To our knowledge, this is the largest cohort of pediatric patients with VFI described in the literature. It is also unique in that etiologies and injuries of any type are combined in 1 database, providing a more global picture of pediatric VFI. Along with previous studies, most of which examine a particular injury and/or etiology, this study provides important information to better characterize the natural history of pediatric VFI and guide optimal management of these patients.

Our findings are similar to those of the 15-year review conducted by Daya et al,3 in which iatrogenic injury (namely, cardiac surgery) was the leading cause of VFI in children. This contrasts with the findings of a survey of pediatric otolaryngologists in which idiopathic causes were deemed predominant.10 Differences between our study and that of Daya et al3 include a lower rate of bilateral injury, higher rate of iatrogenic etiology, and lower rates of neurologic and idiopathic etiology in our data.3 Whereas the exact reason for these differences is unclear, they are logically related because injury secondary to cardiac surgery is most frequently unilateral (in this study, 86.7%) and neurologic and idiopathic etiologies are more likely to result in bilateral VFI.12 The main difference likely stems from a higher rate of cardiac surgery in this study’s population. The data to make this comparison are not available, but this practice presumably saw a greater proportion of cardiac surgery patients because of a referral pattern that included nearly all pediatric patients with cardiac surgery–related VFI in the Milwaukee area.

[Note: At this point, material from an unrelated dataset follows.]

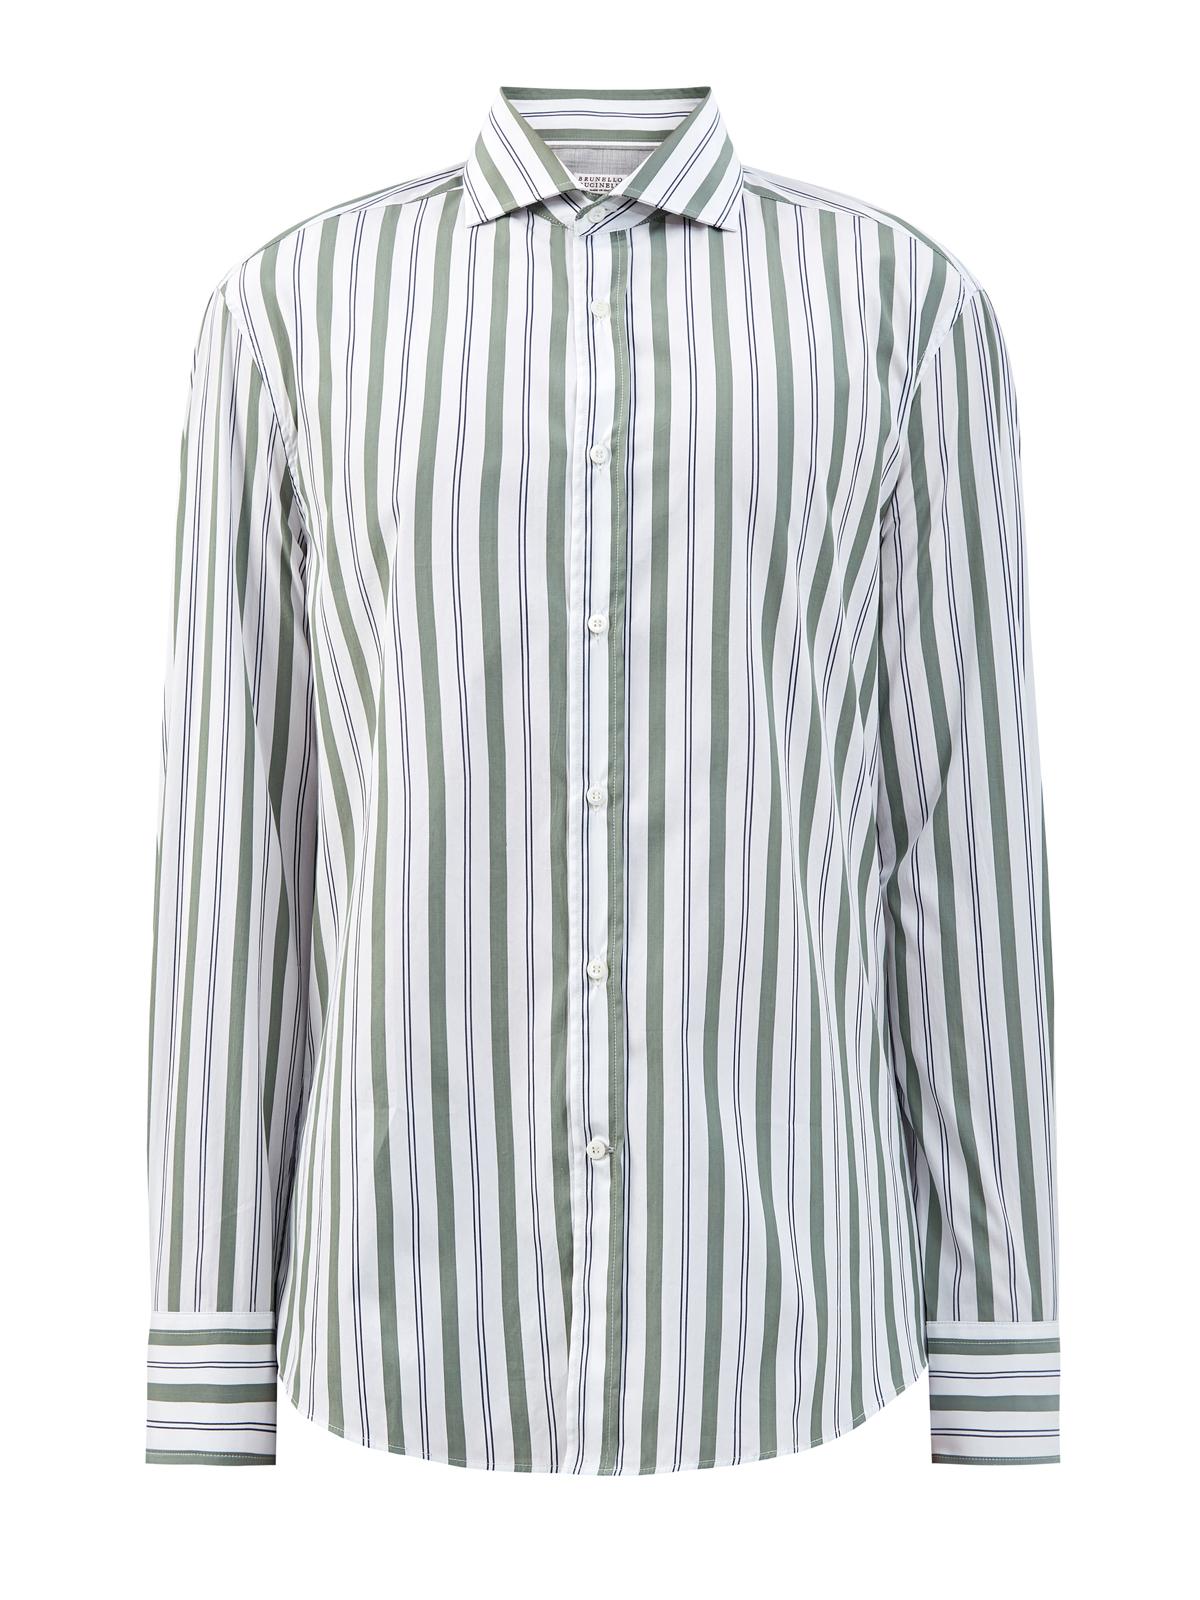 Приталенная рубашка в полоску из гладкого поплина

Given the high rate of cardiac surgery as an etiology in our cohort, it is also worthwhile to make comparisons with the more robust body of literature on pediatric VFI in that population. These studies support the higher incidence of LVFI in our patients, as well as the relative distribution of presenting symptoms.2,46,13 The reported incidence of VFI in pediatric cardiac surgery ranges from 8% to 52%, varying in different studies and with different types of surgical procedures.2,1416 The question of the incidence of VFI among all pediatric patients who underwent cardiac surgery was not pursued in this study.

Our rate of follow-up was higher than that of other larger-scale studies, which ranged from 64% to 82%.24,6 This follow-up only included evaluations performed by the investigators themselves for any issue related to VFI; it excluded evaluations by other services at the same hospital or even otolaryngologic evaluations later in life that were exclusively for unrelated concerns. Our length of follow-up is similar to that reported by others.5,6,12,15,17,18 Duration of follow-up longer than 11 years in our study is explained by the fact that some patients were included for VFI evaluations during the course of the study but had a previous diagnosis of VFI with a known date of diagnosis.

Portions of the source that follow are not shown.